A continuous integration pipeline performs automated tests during development and delivers files to simplify installation of patRoon and all its dependencies (Additional file 2: Figure S3). More than 900 unit tests are performed (> 80% code coverage) with the testthat and vdiffr R packages [105, 106]. After successful test completion, the final step involves building (a) Windows binary R packages of patRoon and its dependencies and (b) Linux Docker images with a complete working environment of patRoon and the RStudio integrated development environment  (based on ), which both facilitate installation of patRoon with tested and compatible dependencies.
Results and discussion
This section starts with benchmarks of important optimization strategies implemented in patRoon, and concludes with demonstrations on how patRoon can implement a common NTA workflow and the algorithm consensus functionality.
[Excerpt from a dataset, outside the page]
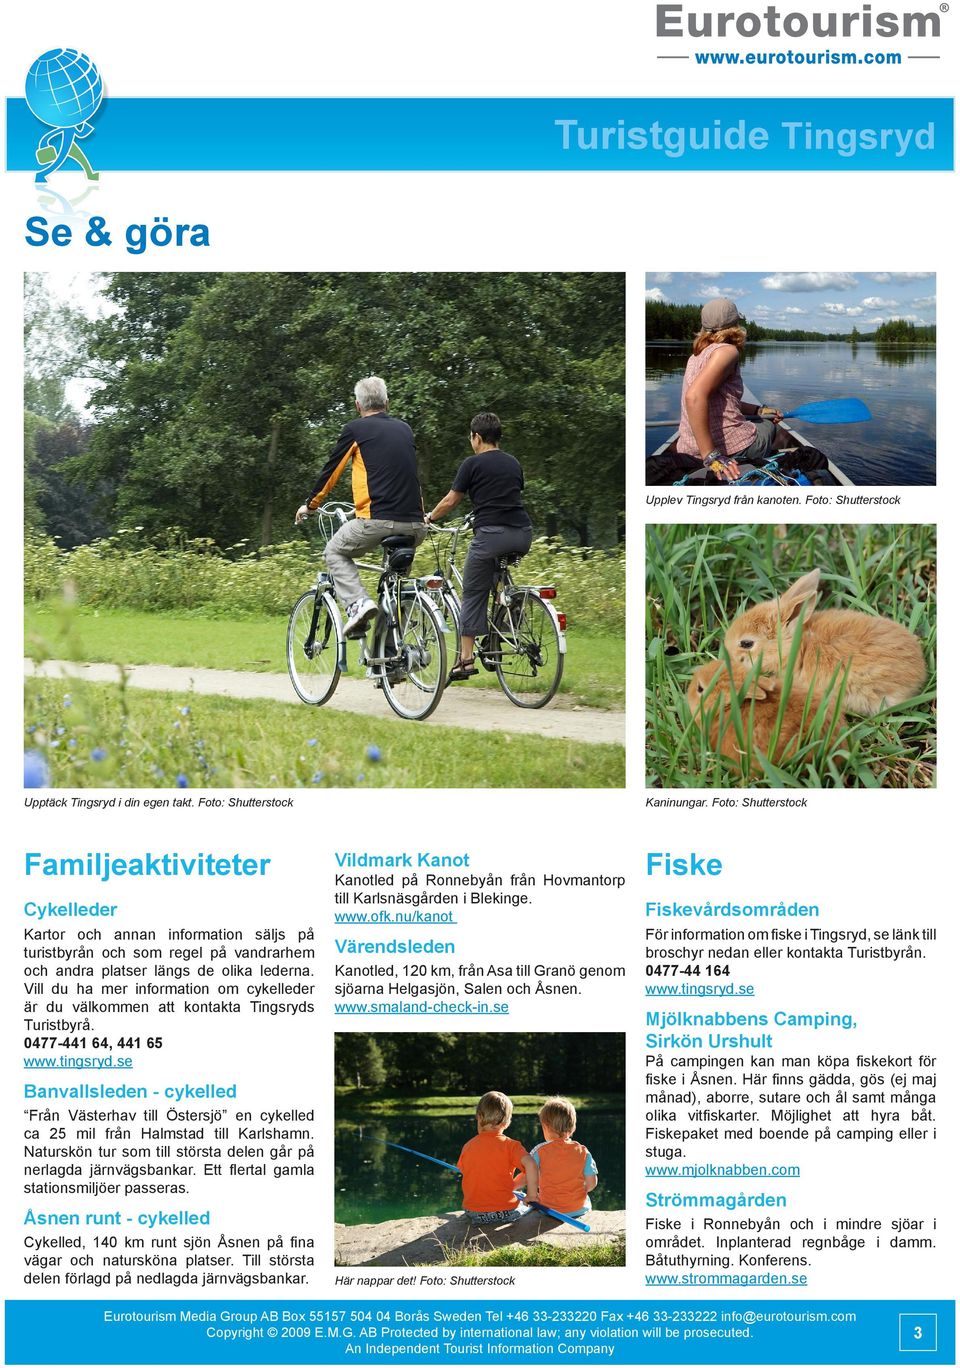 Vill du ha mer information om cykelleder är du välkommen att kontakta Tingsryds Turistbyrå. 0477-441 64, 441 65 Kaninungar.

Since the implementation of individual workflow steps, such as obtaining feature data and annotations, heavily rely on well-established algorithms that have been evaluated elsewhere, further evaluations have not been performed here. Furthermore, an objective comparison of patRoon with other NTA workflows is currently being performed as part of a collaborative trial organized by the NORMAN Network . Recent applications of complete environmental NTA studies performed with patRoon are already described in several publications [7, 12, 14, 71, 110].
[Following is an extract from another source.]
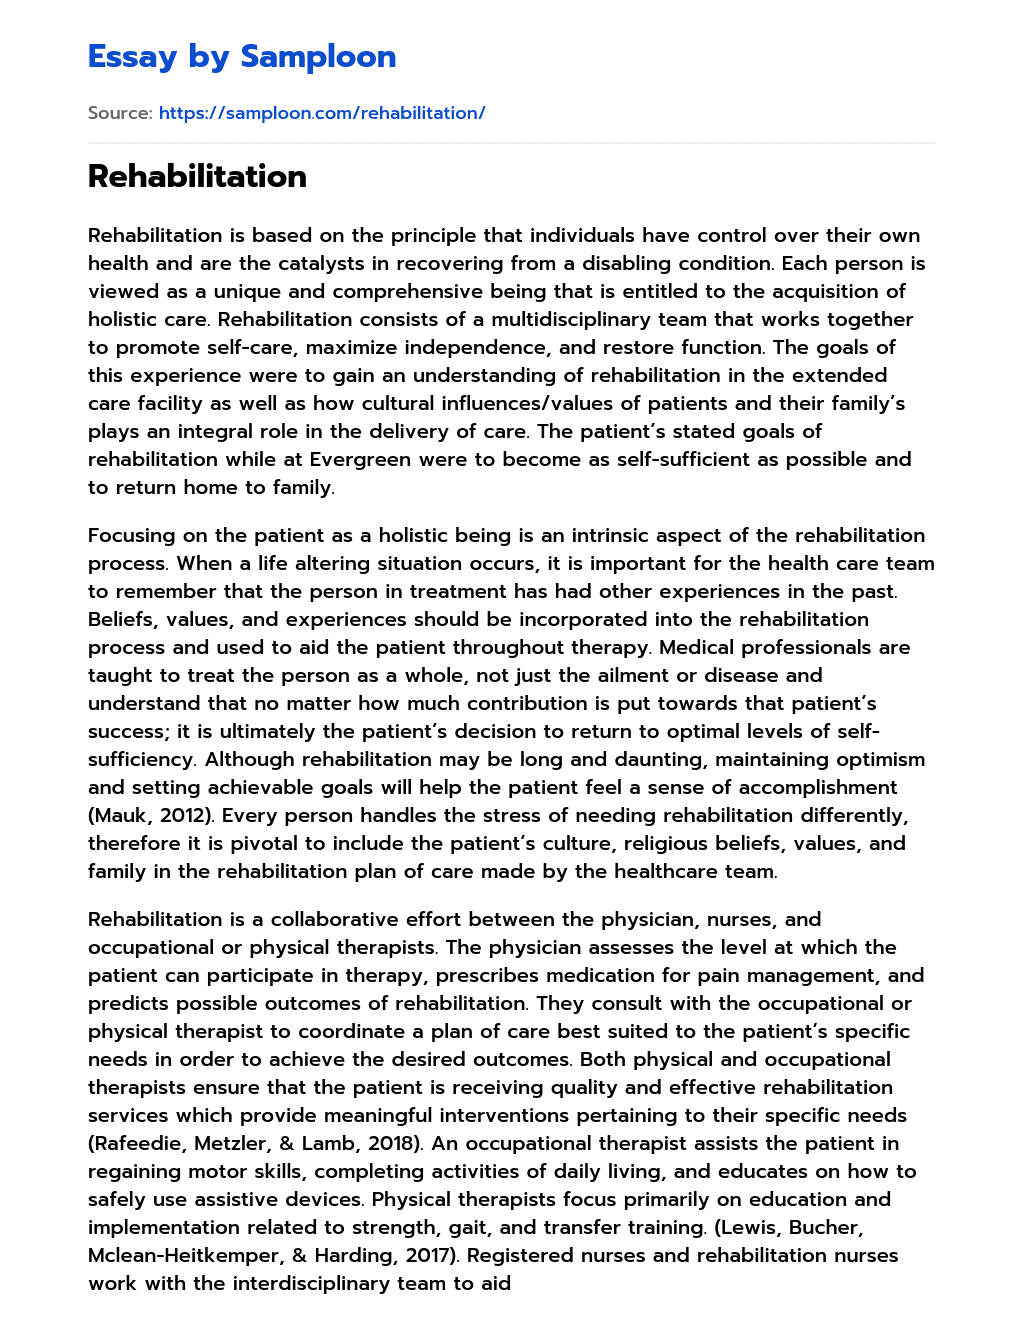 Rehabilitation essay

Benchmark and demonstration data
The data used to benchmark and demonstrate patRoon were obtained with an LC-HRMS analysis of influent and effluent samples from two drinking water treatment pilot installations and a procedural blank. The pilot installations were fed by surface water (Meuse and IJsselmeer, the Netherlands) that were subjected to various pre-treatment steps (e.g. rapid and slow sand filtration, drum sieves and dune filtration). Effluent samples investigated in this study were produced after advanced oxidation utilizing O3 and H2O2 or ultrafiltration and reverse osmosis. Sample blanks were obtained from tap water. All samples were filtered in triplicate by 0.2 µm regenerated-cellulose filters. Influent samples were spiked with a set of 18 common environmental contaminants (see Table 5). The analyses were performed using an LC-HRMS Orbitrap Fusion system (ThermoFisher Scientific, Bremen, Germany) operating with positive electrospray ionization. Further details of the pilot installations and analytical conditions are described in . The raw data files can be obtained from .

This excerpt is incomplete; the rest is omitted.